Podatnicy jeszcze tylko do końca miesiąca mają czas na rozliczenie się z Fiskusem, podczas którego mogą przekazać 1% swojego podatku m.in. na pomoc chorym dzieciom. Chcąc zwrócić uwagę na chorobę syna, mysłowiczanin Piotr Wróbel maszeruje z Katowic do Gdańska. Po drodze zachęca ludzi, by jednym procentem wsparli zmagania 5-letniego Iana, który zmaga się z autyzmem.

#inthenameoflove

Kochający rodzic jest w stanie zrobić wszystko, by dać swojemu dziecku to, co zapewni mu jak najlepszą przyszłość. Ian, który jest dzieckiem autystycznym, potrzebuje kosztownej rehabilitacji. Zajęcia dydaktyczne, diety, dentyści, turnusy rehabilitacyjne – to wszystko jest bardzo kosztowne. Dlatego by zachęcić Polaków do oddawania 1% swojego podatku na rzecz pięcioletniego chłopca, jego tata postanowił pieszo wyruszyć nad morze.

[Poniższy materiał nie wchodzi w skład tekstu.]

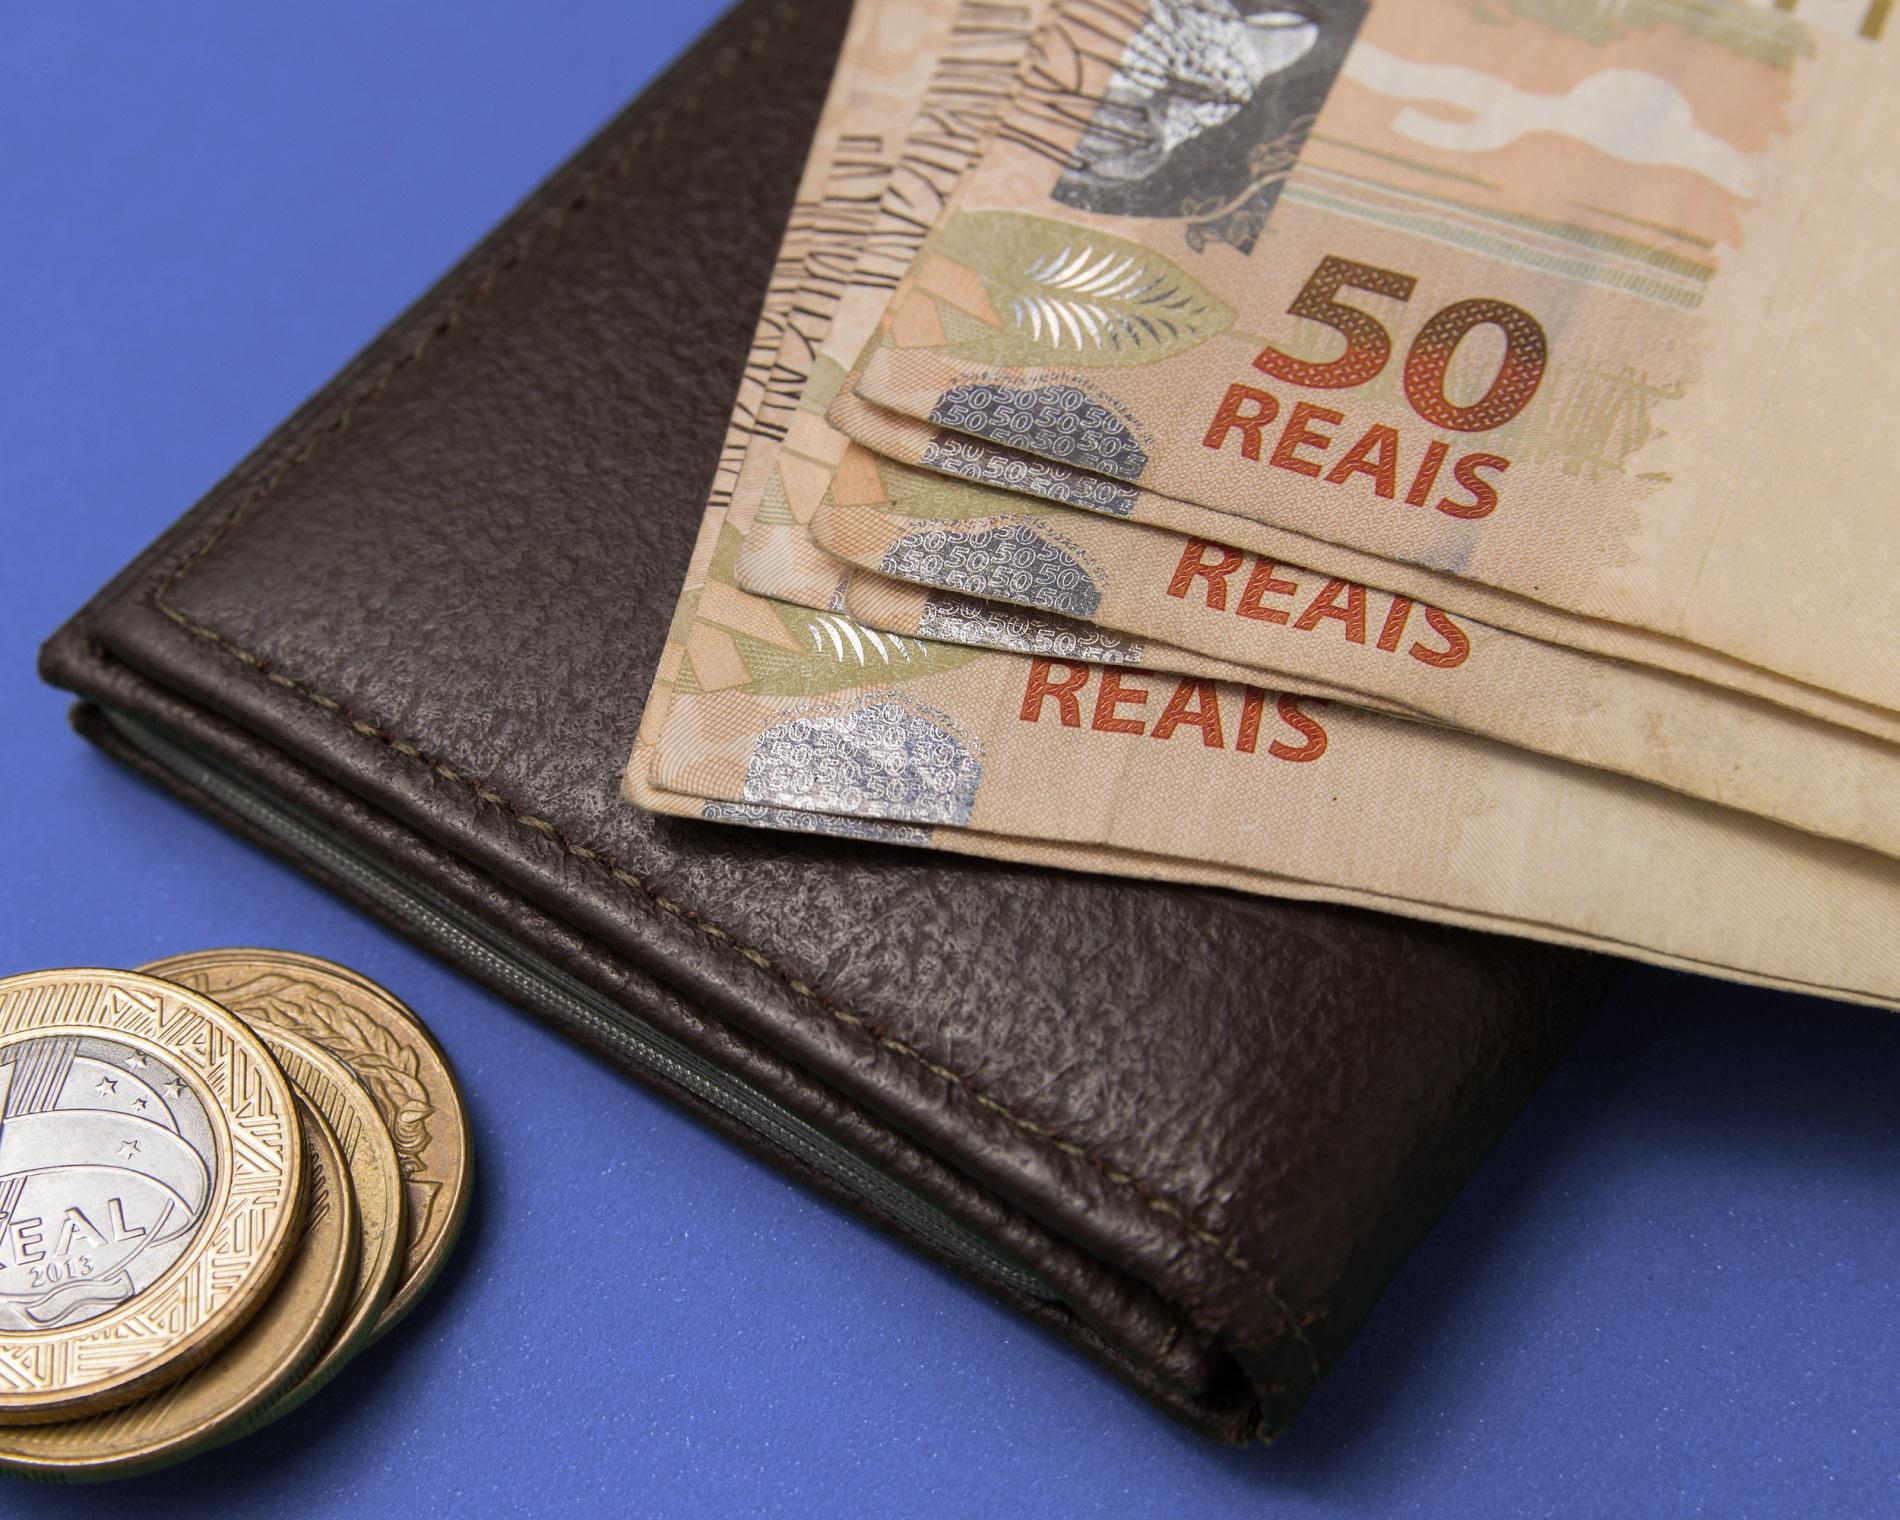 Pagamento em dinheiro é preferência nacional

Piotr Wróbel wystartował spod Muzeum Śląskiego w Katowicach w miniony piątek. Z tego miejsca do Gdańska dzielił go dystans 515 kilometrów. Za sobą ma cztery dni drogi, przed nim nadal ok. 340 kilometrów.

515 km dla Iana

515 km – tyle dzieli Katowice od Gdańska. Taką też nazwę nosi fanpage, na którym mysłowiczanin zamieszcza relacje z przebiegu akcji. Można tam zobaczyć zdjęcia znanych osobistości, które postanowiły wesprzeć działania Piotra Wróbla. Zdjęcie z hasztagiem 515 km dla Iana zrobili sobie piłkarz Sebastian Mila, muzyk Kazik Staszewski, czy trener i komentator sportowy Andrzej Strejlau.

Mysłowiczanin nie ukrywa, że za sprawą swojej akcji chce zwrócić uwagę i zachęcić ludzi do przekazywania jednego procenta podatku. Wszyscy zainteresowani mogą obserwować zmagania mysłowiczanina. Na fanpage’u umieszcza on zdjęcia i krótkie nagrania wideo, za sprawą których relacjonuje wyprawę.